_Your assignment_
From the line containing "Toyota-RAV4-Plug-in-Hybrid-Prime-2020-19" down to the last line of the material, output each line exactly as it appears, excluding pictures.

_Given information_
[Start of section]

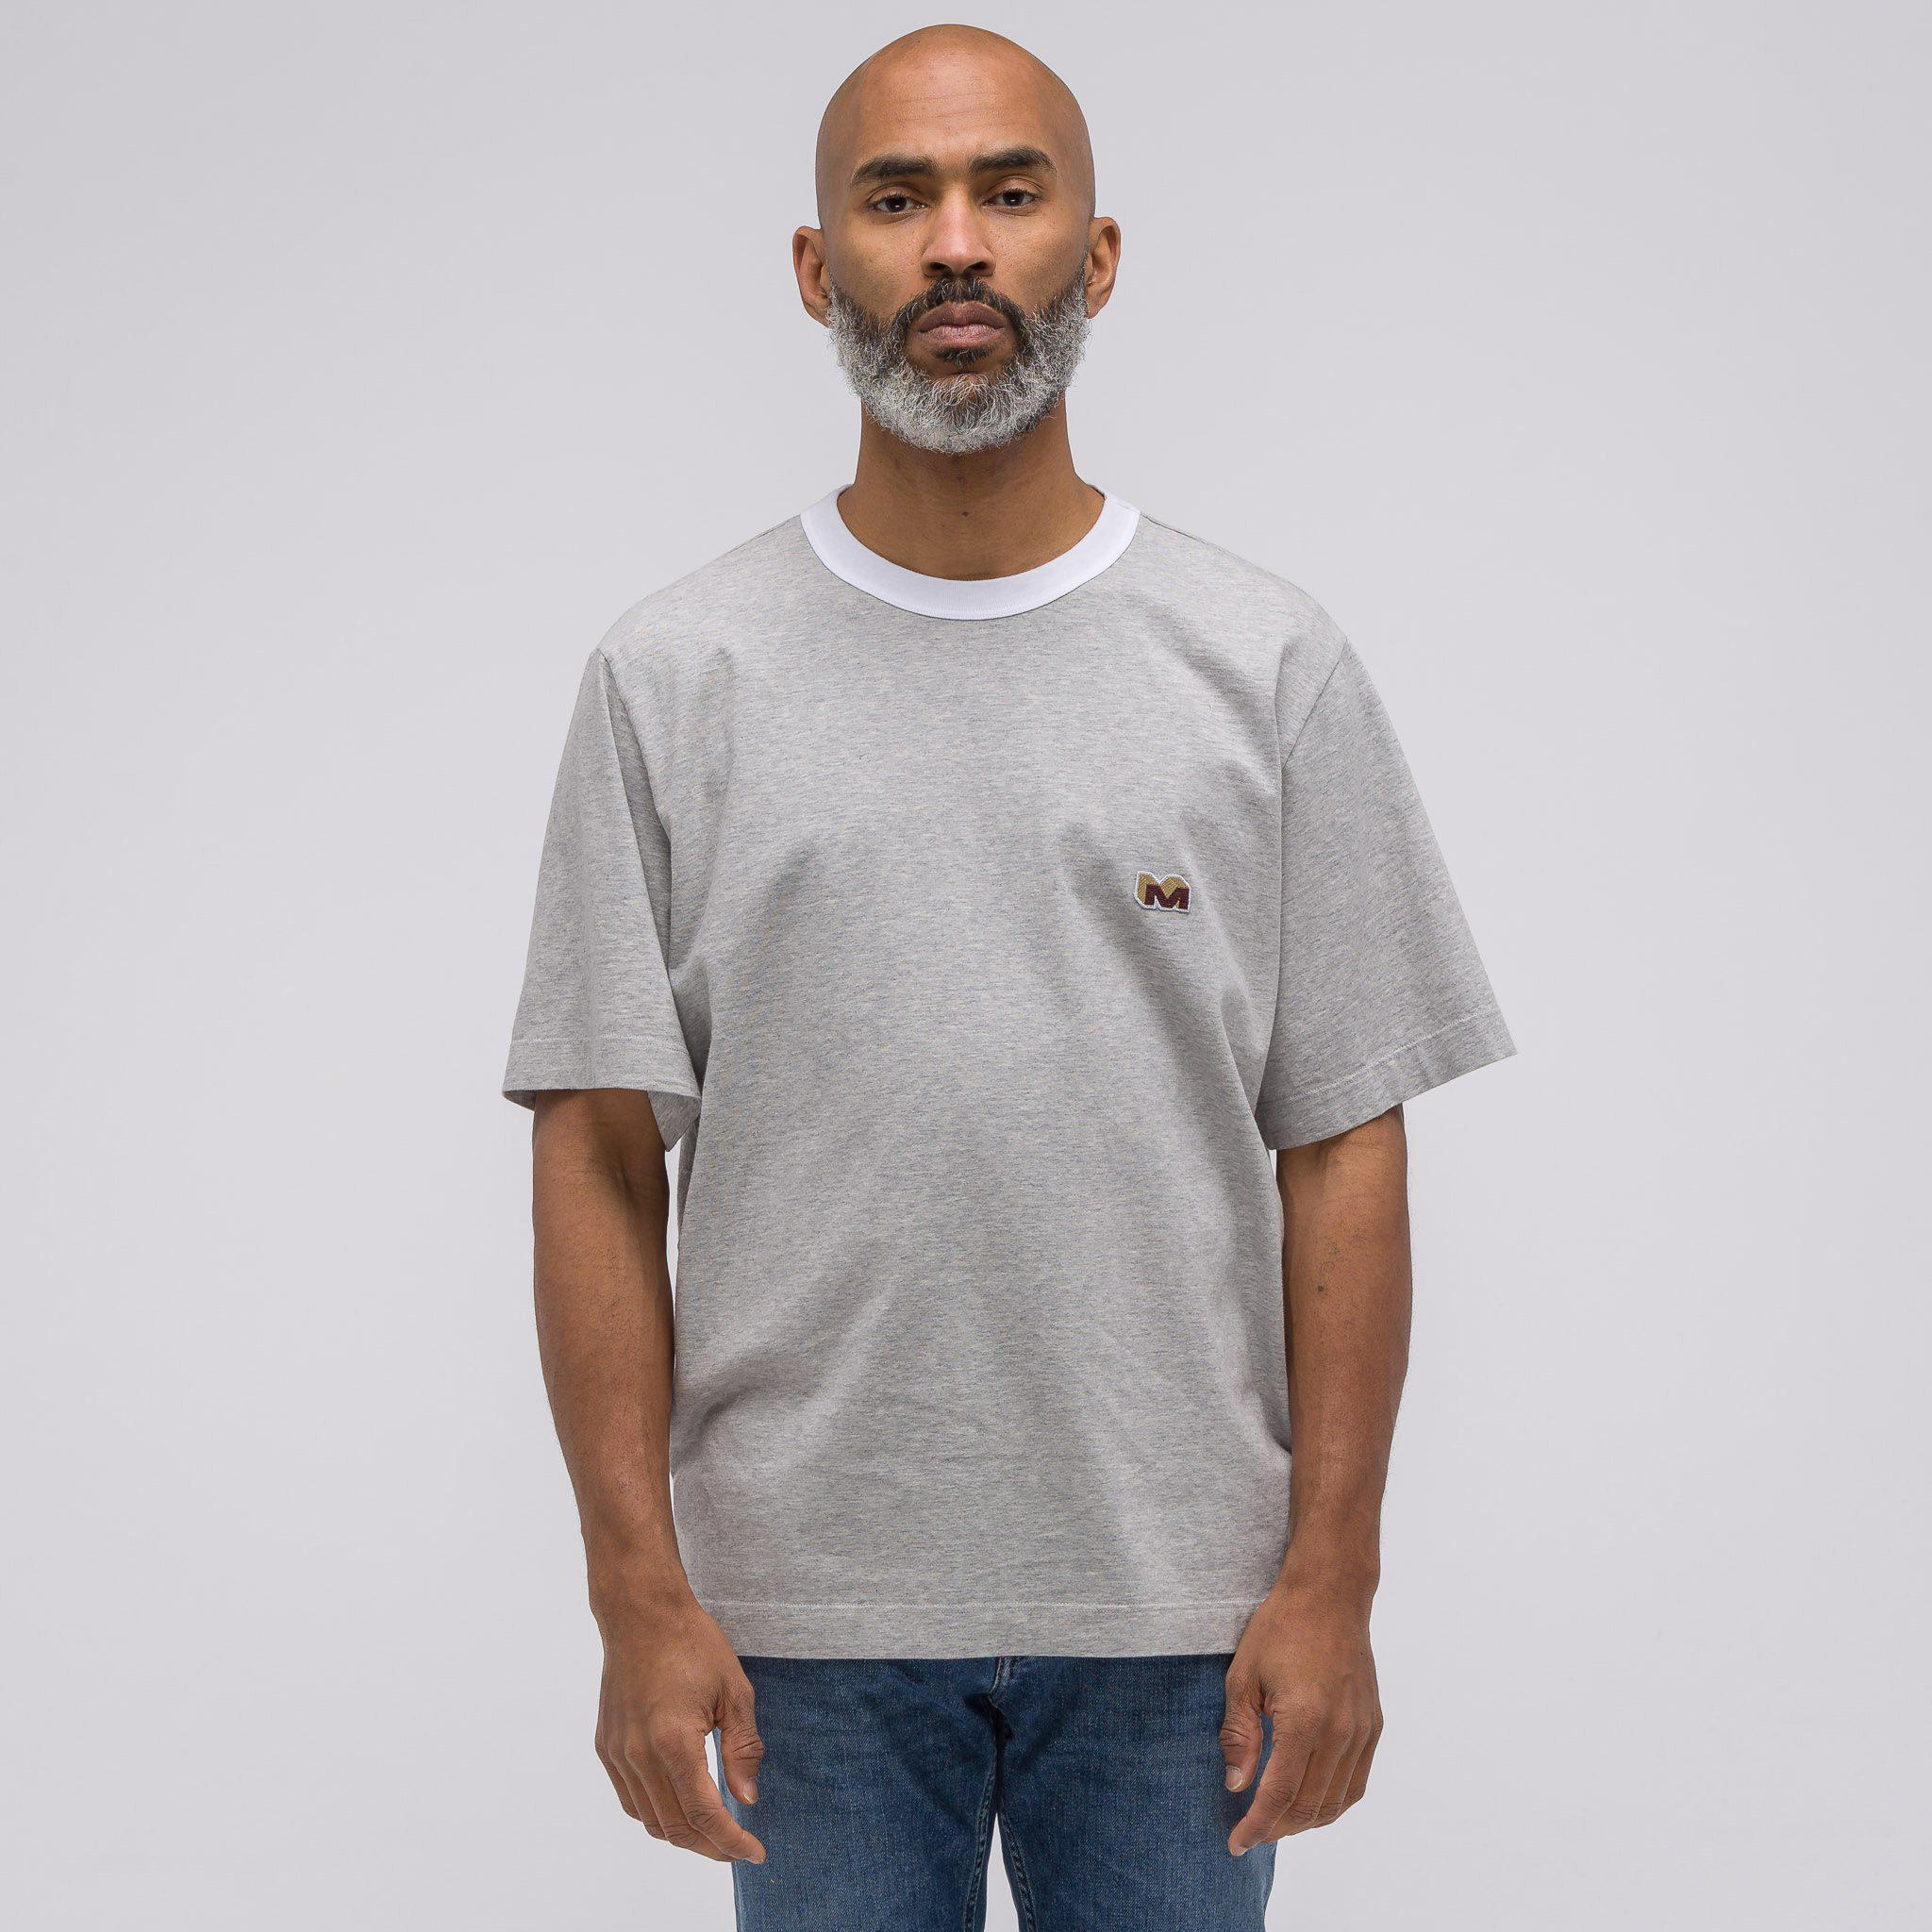 Marni. Men's Gray Short Sleeve T-shirt In Grey Melange
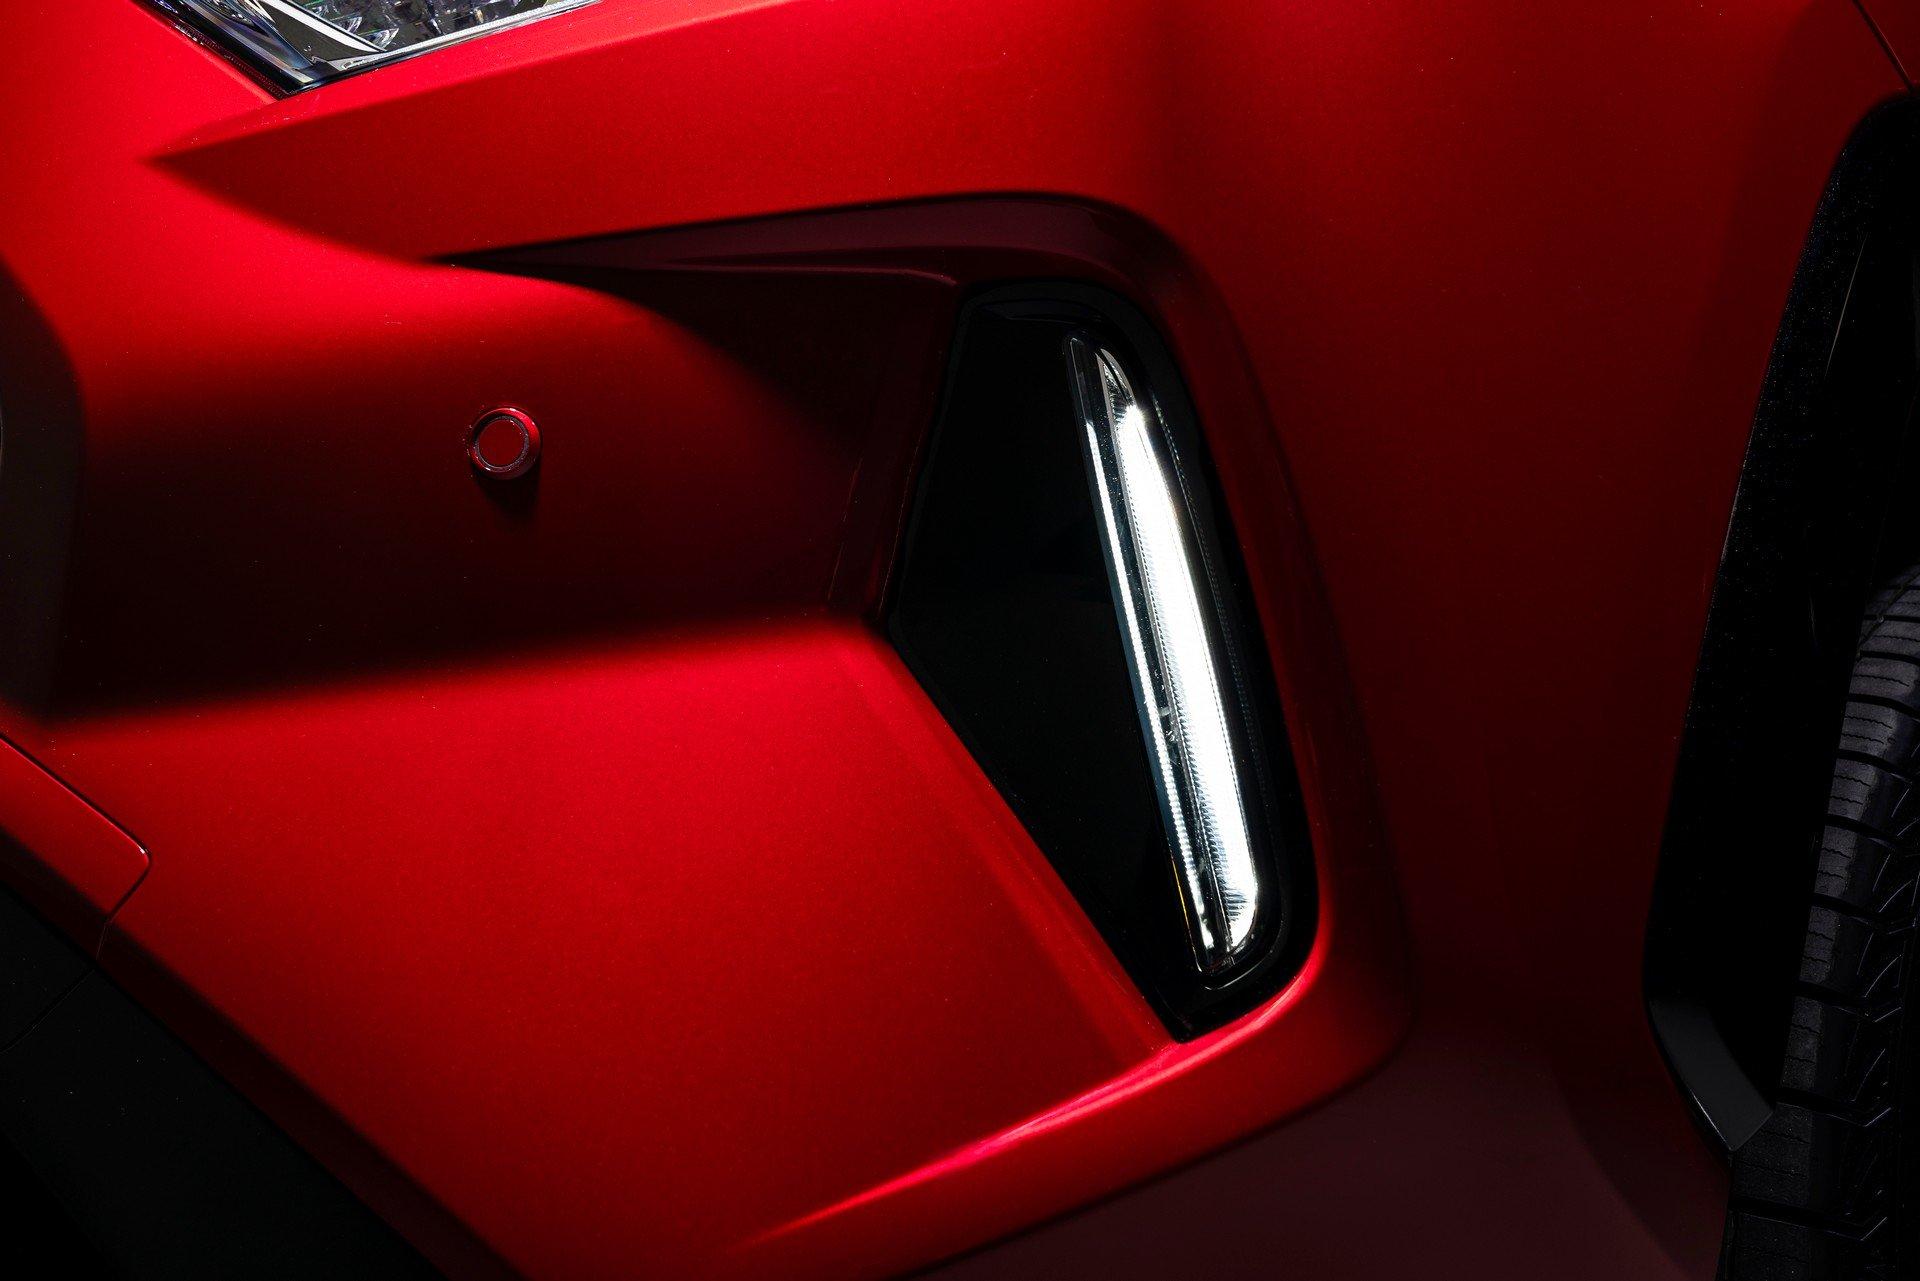 Toyota-RAV4-Plug-in-Hybrid-Prime-2020-19
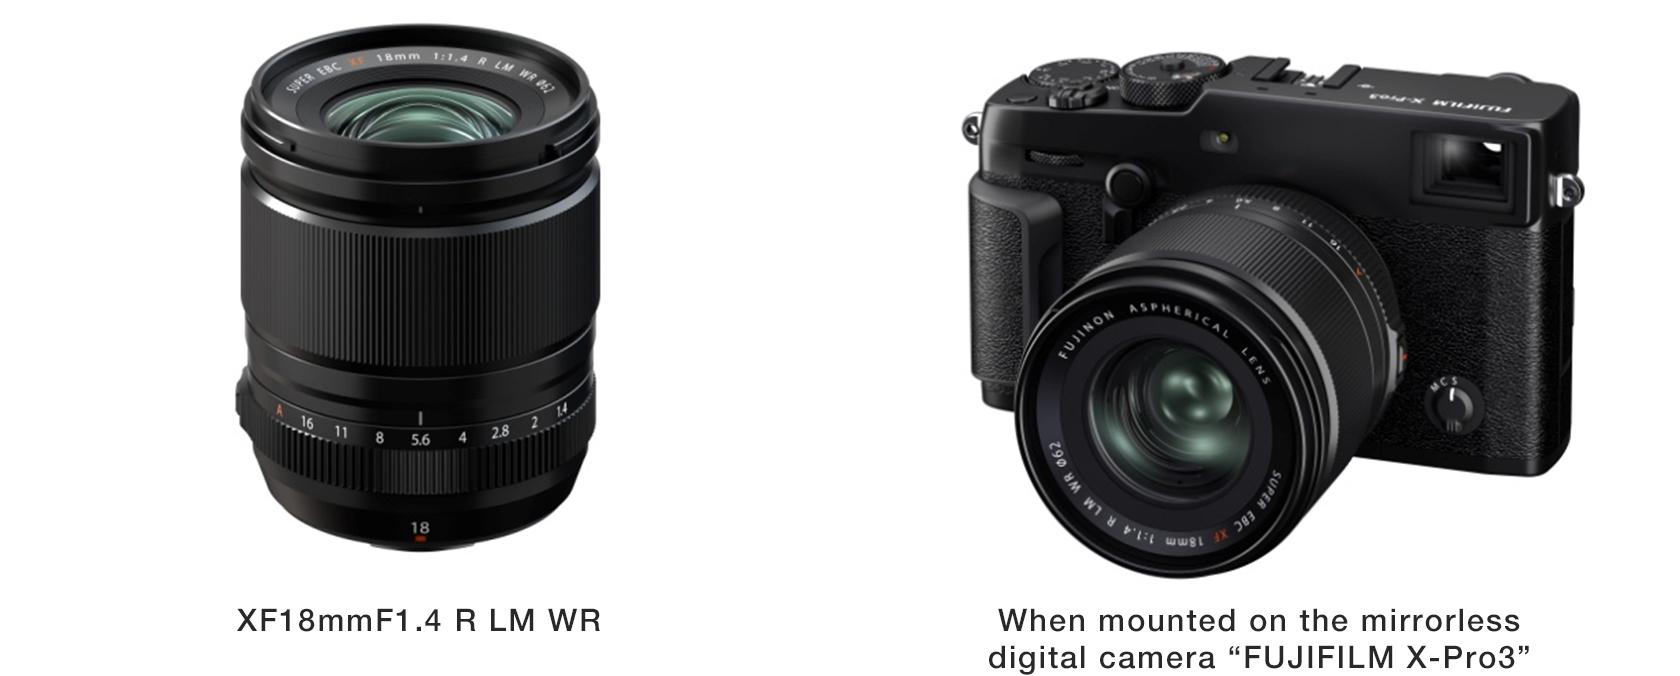 FUJINON Lens XF18mmF1.4 R LM WR

[End of section]

_Exercise answer_
 Toyota-RAV4-Plug-in-Hybrid-Prime-2020-19
 FUJINON Lens XF18mmF1.4 R LM WR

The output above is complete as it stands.